Make Your First Impression
There is so much content available online for first-time resume writers but not so much for the intermediate and advanced stages of your career. Folks with a few years of experience are usually refining their resume and may benefit from considering these points:
Remember your value
Tailoring
Quantitative Results
Maximizing your real estate
Don't forget the basics
Remember Your Value And Be Yourself
As your career develops, you will naturally gain more "bullet points" for your resume. However, it's easy to get too wrapped up in the technologies used instead of your peronsal strengths. You may be an exceptional speaker, a superstar teammate, or a dedicated leader and you should absolutely highlight those traits in addition to the technical skills.
Some of the points I make here may seem too modern or not modern enough. If you feel that a certain convention is out of date or incentives poorer hiring practices, please let me know!
Tailoring
To tailer your resume means to make a few last minute changes before you apply. Highlighting the most relevant pieces of your experience for that job to maximize your resume's impact. Move points of experience to the "outside" of the page where hiring managers will see them even while scanning quickly through many applications.
Tailoring your resume dozens of times is not a great use of your time. Instead, I strongly recommend using "resume profiles". Try to categorize the types of jobs to which you are applying into 3 to 5 "profiles" (e.g. "software engineer", "data engineer", "machine learning engineer"). Then, create a copy of your resume for each one and rearrange the experience to highlight the skills most relevant to those job profiles.
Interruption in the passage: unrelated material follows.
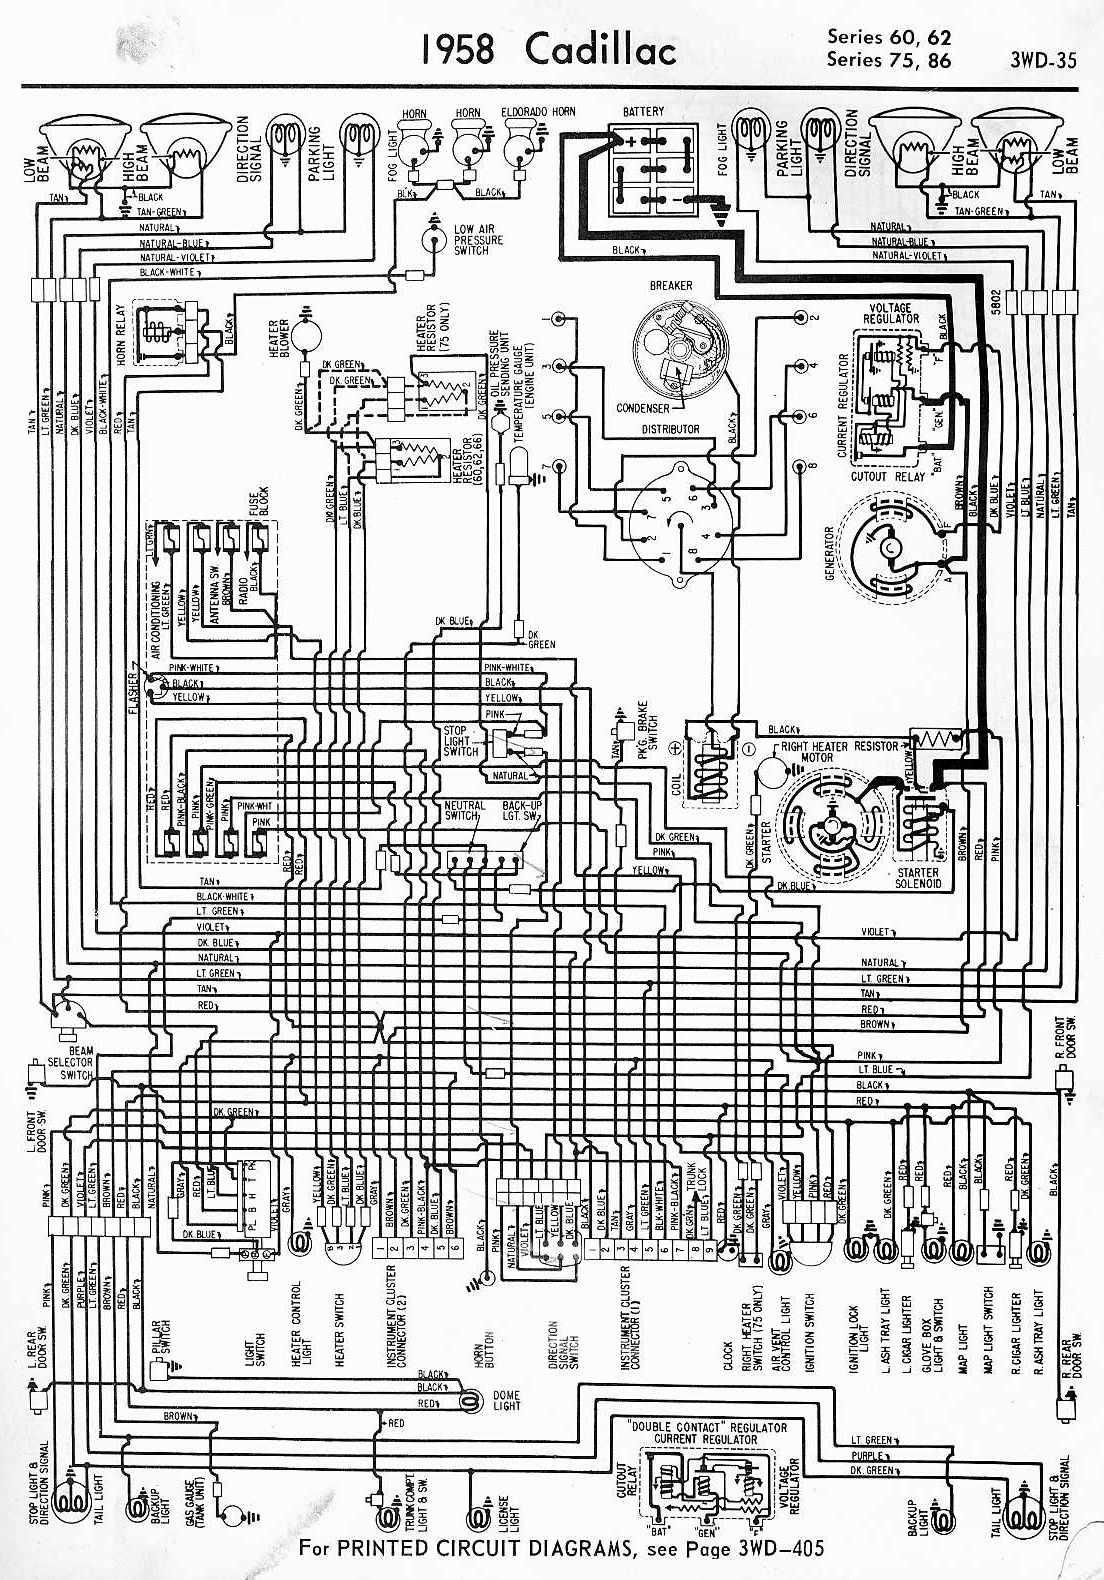 1997 cadillac power seat wiring diagram simple wiring diagramscadillac power seat wiring wiring diagram todays gm [ 1104 x 1580 Pixel ]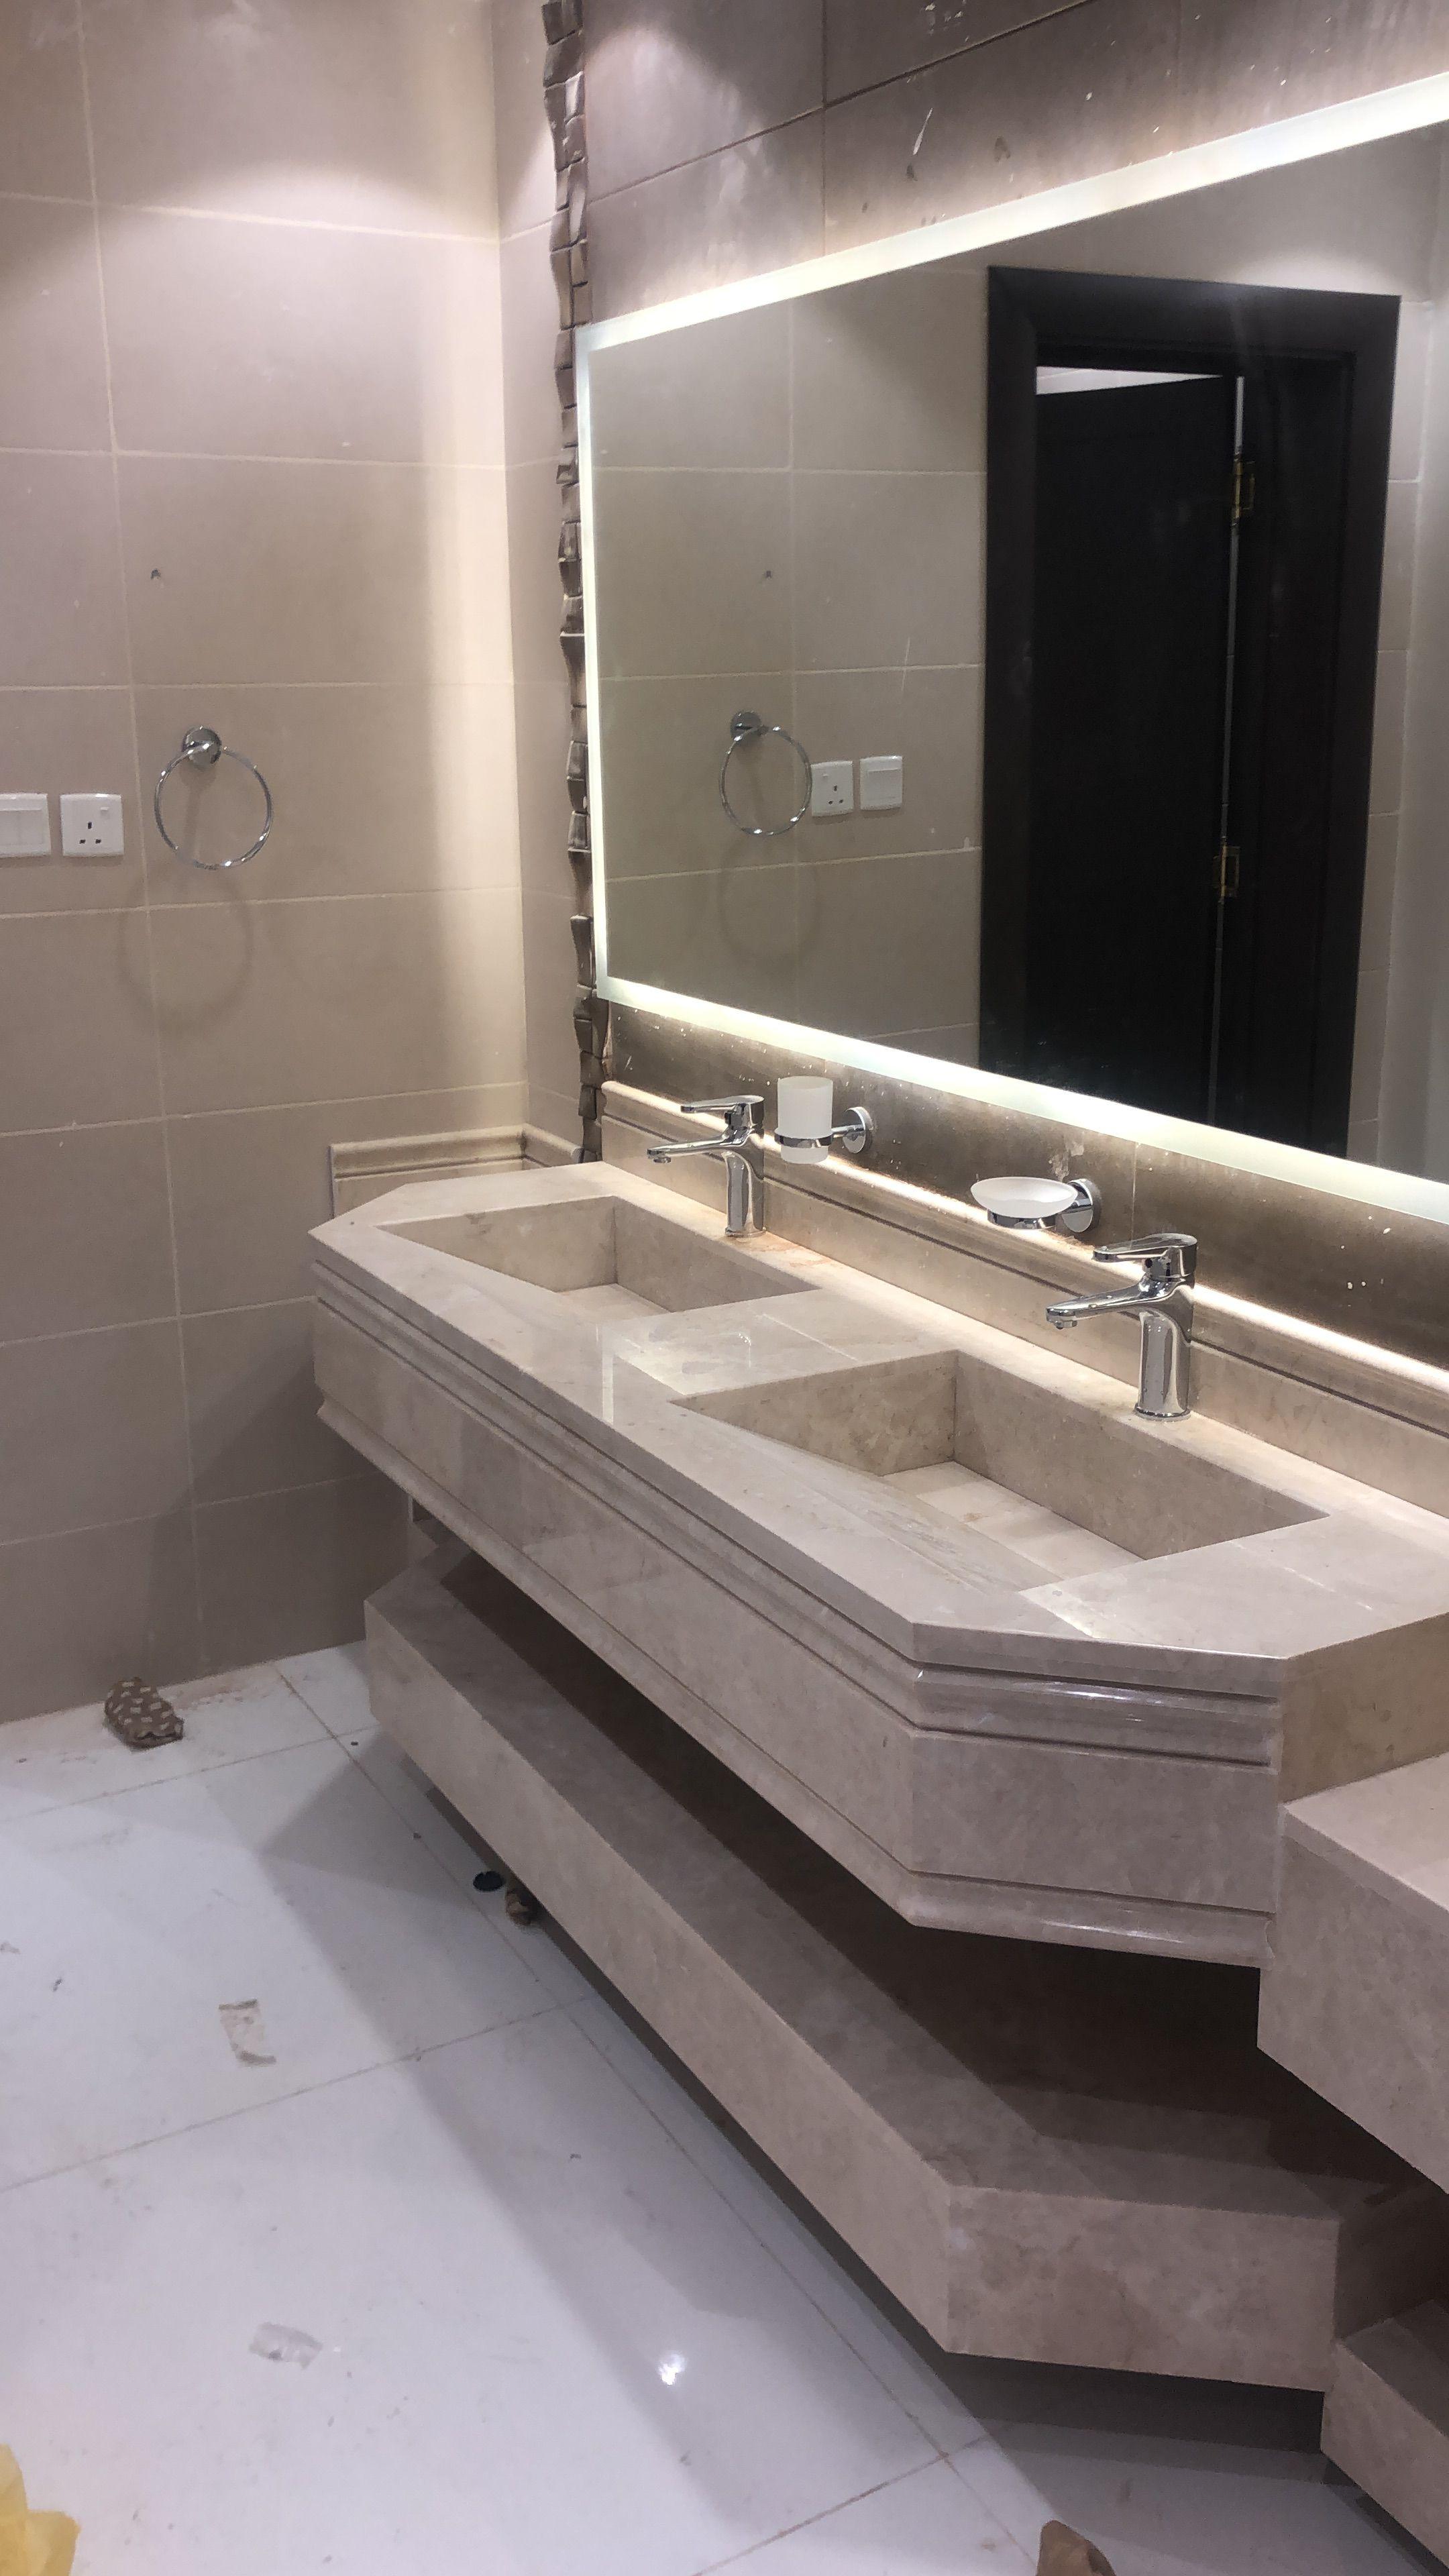 Pin By Asma Almashani On Projects To Try Restroom Design Small Bathroom Decor Bathroom Decor

Profiles are just a starting point. You can still tailor your resume for jobs that are especially interesting or relevant for you. Profiles can also be a nice way to reduce difficult decisions about which points of experience to highlight or which ones to cut. If you are very proud of some work you did on a project but you are struggling to keep your resume concise, you can move it to another profile and leverage it on specific applications where it is useful.
Quantitative Results
This is especially pertinent to those with experience. More senior employees are expected to have real business impact. This is easiest to convey with numbers. Be careful not to use confidential figures though, especially those that constitute insider knowledge as it is illegal and is a red flag to future employers. Consider less sensitive numbers like how many people you trained, the length of a project, or a percentage change instead.
Maximizing Your Real Estate
This topic is subject to debate. Some schools of thought say you want to have a lengthy CV because it signals that you have lots of experience and allows you to paint a very detailed picture of yourself. Others might be concerned with ensuring that recruiters and hiring managers won't make the time and want to maximize the impact in just 1, maybe 2 pages. There's more debate about including sections like personal statements and keyword lists. Some people will maximize their relevant keywords along a "Z" shape over the page based on human tendencies for skimming that may be invalidated these days by digital zooming/scrolling.
What is undeniable is which points you include or exclude entirely and how close they are to the top of the resume, followed by the perimeter of the page.
Formatting
Formatting applies both for human reviewers and ATS (Applicant Tracking System) scans.
ATS can sometimes have trouble parsing uncommon fonts. Stick to the standards like Arial, Times, Helvetica, Garamond, and Verdana
Choosing between serifed fonts and sans fonts can make your resume seem more mature or modern to humans, respectively. You may use this to highlight yourself or market to a specific company.
Certain features like Headers, Tables, and Columns can negatively impact ATS match scores. You can simply use center alignment for headers and avoid tables altogether.
Don't Forget the Basics
Of course, you don't want to forget:
Include your full name and make it big!
Include contact information
Start sentences with action verbs (see Action Verbs)
Start every bullet point with the same tense (e.g. Designed, Trained, Researched)
Be careful that you don't unintentionally switch to a passive tense (e.g. Designed a product leading to more sales)
Demonstrate impact (e.g. Built a feature that increased revenue by 1%)
People tend to read in a "Z" pattern across a page or that we naturally look to the outside of the page. This is not the most important principle for writing a resume but it can be a useful way to simplify small decisions.